Course Introduction

Prof. Terence N. D'Altroy
[email protected]
(212) 854-2131
Office hours: By Appointment
Class Meetings:
Tue 11:00 AM-12:50 PM
467 Schermerhorn Hall
Description

This course examines the formation, character, and fall of ancient empires through an archaeological lens. Among the topics covered are militarism, urbanism, representations of power and state ideology, provincial life, infrastructure, social and ethnic relations, and economic interactions. The course is comparative, drawing from both Old World and New World empires.
The Archaeology of Empires (G6060) will provide intensive reading on the archaeology of these empires, with the occasional addition of 16th century Vijayanagara, India. It is expected that students taking the course will have a certain familiarity with ancient empires and thus will be extending the depth of their studies through comparison with regions with which they are not familiar, since archaeological study often grants a markedly different view of the nature of life and power relations than does documentary evidence. As there is an immense literature on the archaeology of empires, the class discussions will only be able to draw selectively from the literature on specific topics. The course will be built around case study comparisons, based on the core literature included in the attached syllabus. An additional bibliography of some 3,000 works on these empires will also be made available.

The course takes the perspective that empires are better understood as intersecting networks of power than as well-ordered polities. They are characterized by a host of interests, some constituted as formal institutions and some as ephemeral coalitions that pass as conditions change. A great deal of the literature on ancient empires is concerned with royalty and the practice of power at a grand scale. The complexity of the ethnic, sociopolitical, cultural, and economic composition of empires implies, however, that the local effects of imperial expansion will vary substantially with respect to both the incorporated peoples and the front line members of the expansionist polities. As a result, the imperial presence appears quite different depending on where one looks for evidence. Balanced study of the early empires must thus concern both the grand and the quotidian, since the nature of life for a vast proportion of imperial subjects revolved around family, kin, and making a living. The latter are hardly the stuff of monumental inscriptions, but their consequences produced the bulk of the material record in the societies that we study.

The topics that have been chosen for the course thus attempt to provide a representative cross-section of life in ancient empires through case studies that draw attention to the evidentiary basis for our analysis of the polities discussed here. The readings underscore that our analyses depend on intersecting lines of evidence from different sources - historical, monumental, dynastic, numismatic, and archaeological. Through readings an discussions, the students will have the opportunity to think about how we can effectively study the most expansive of the ancient polities through the conjunction of different sources of information.

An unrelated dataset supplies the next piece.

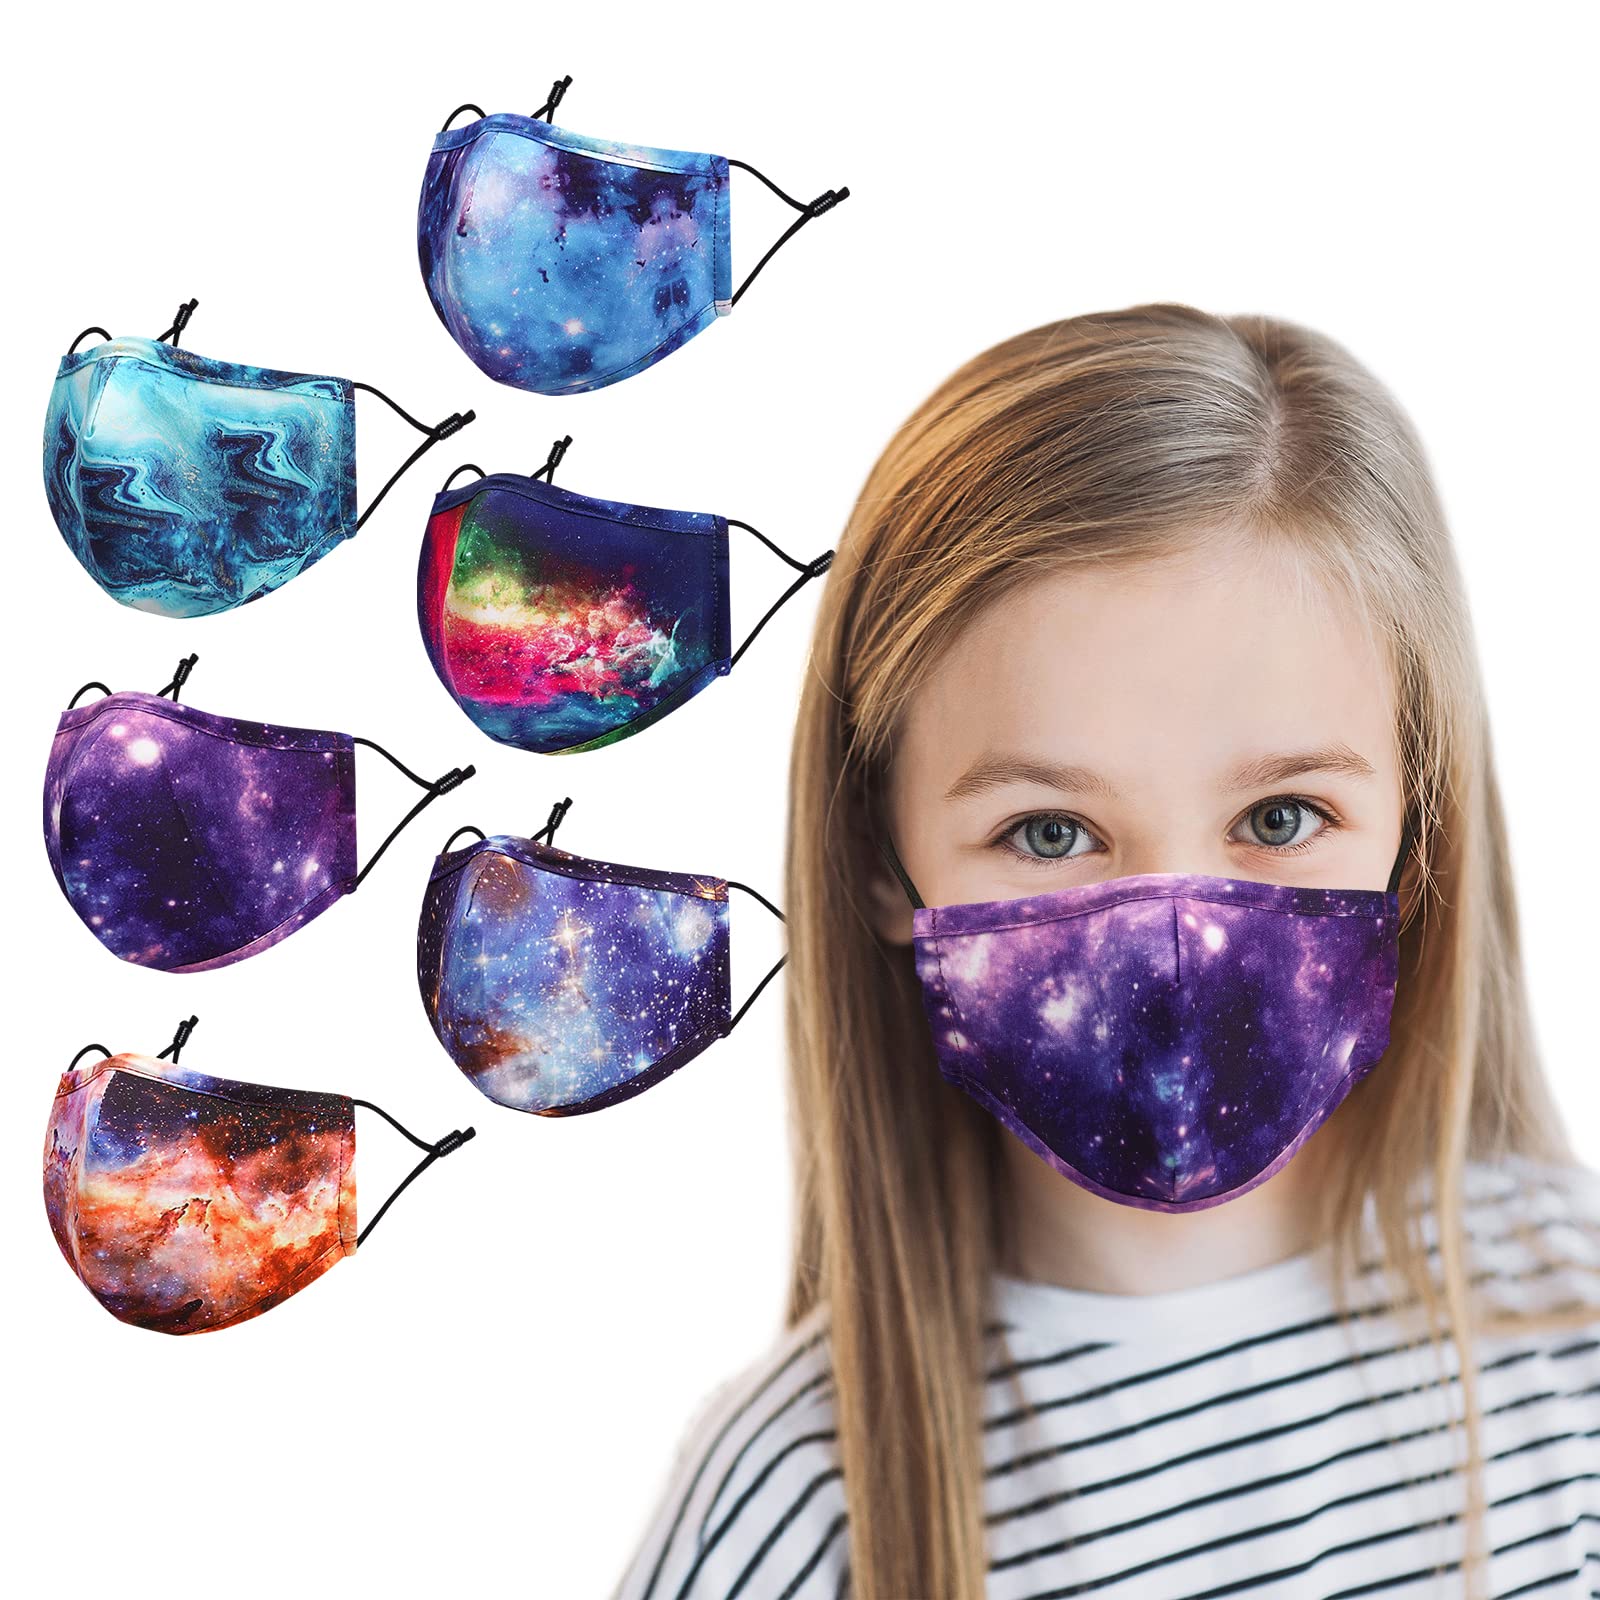 Kids Cloth Face Masks, 3 Ply Reusable Breathable Washable Mask with Adjustable Ear Loops, and Filter Pocket for Boys Girls

The scope of the literature and the polities themselves makes comparative analysis a daunting task, but too frequently students and researchers working in one empire or another work in a self-referential context. The premise underlying this course is that we can better explain the nature and trajectory of any given empire through comparative study, so that we understand what is historically contingent, idiosyncratic to a given empire, or a product of circumstances common to expansionist polities.

The attached syllabus contains 18 topics that potentially can be covered in the course. The intent is to treat 13 of the topics and two or three cases (e.g., Rome, Aztecs, Inkas) per topic, the choice depending on the interests and backgrounds of the students.